Ольга Некрасова - Кого ты выбрала, Принцесса?
— Посылай ради Бога. Мне-то что?
— А ты главный герой. Ты и должна послать.
— Я английского не знаю, — сказала Наталья. — И не собираюсь я этим заниматься.
Паша замолчал и за Белорусским мостом свернул направо.
— Тут нотариальная контора. Выпиши мне доверенность, и я пошлю от твоего имени.
— Ты серьезно?
— Абсолютно. На дороге валяется сотни две баксов. Может быть, пять. У тебя просто нет привычки подбирать, а я бизнесмен, я ночь спать не буду. И не из-за жадности, а… Ты понимаешь?
— Очень даже понимаю, — сказала Наталья, хотя сначала не поняла.

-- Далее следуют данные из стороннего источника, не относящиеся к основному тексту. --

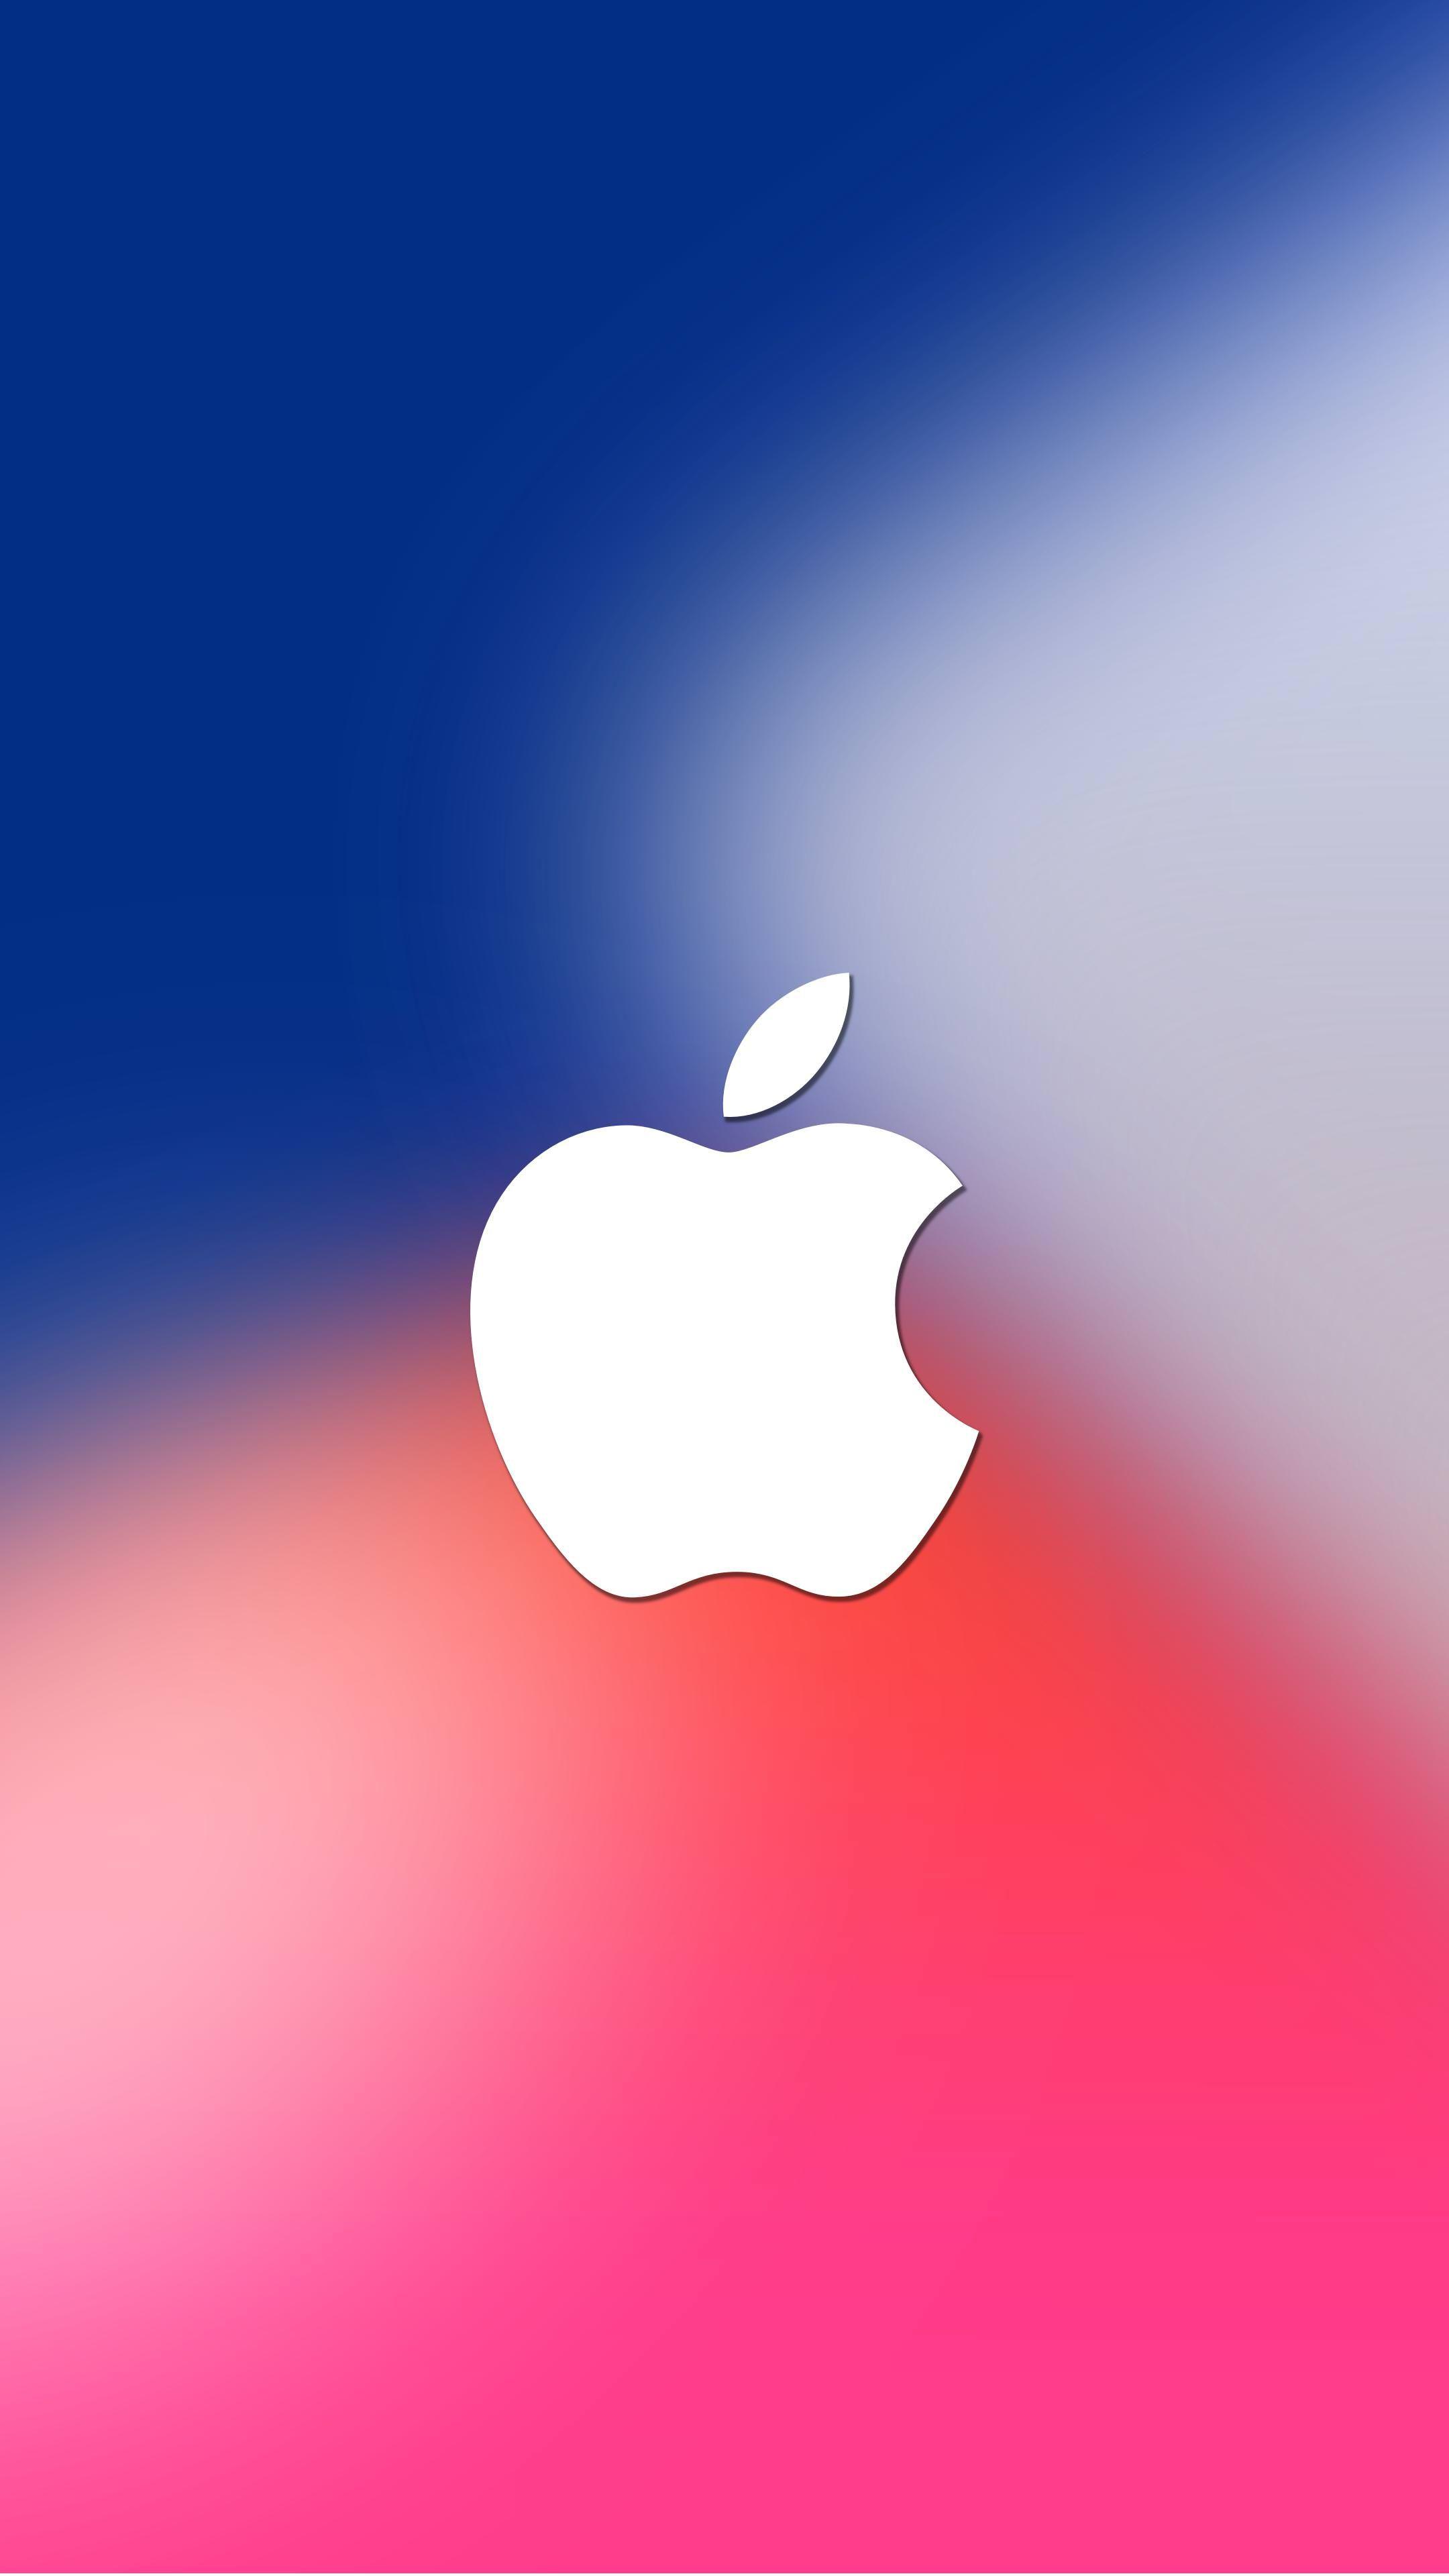 25 Apple wallpaper iphone ideas

А потом она подумала, что тоже не спала бы ночь, и не одну, если бы не помогла тогда его сыну Алешке. Конечно, она играла по высшей ставке: помочь умирающему — это не долларов подзаработать (а жаль, кстати, одно другому не помешало бы), но было тут и что-то общее. Профессионал мучается, если проходит мимо своего дела. Разыскал же ее пузатый журналист из «Влада», хотя мог бы не разыскивать. Но он мучился и разыскал. Фотограф мучается, если видит хороший кадр, а камеры под рукой нет. А дворник, если видит хорошую лужу…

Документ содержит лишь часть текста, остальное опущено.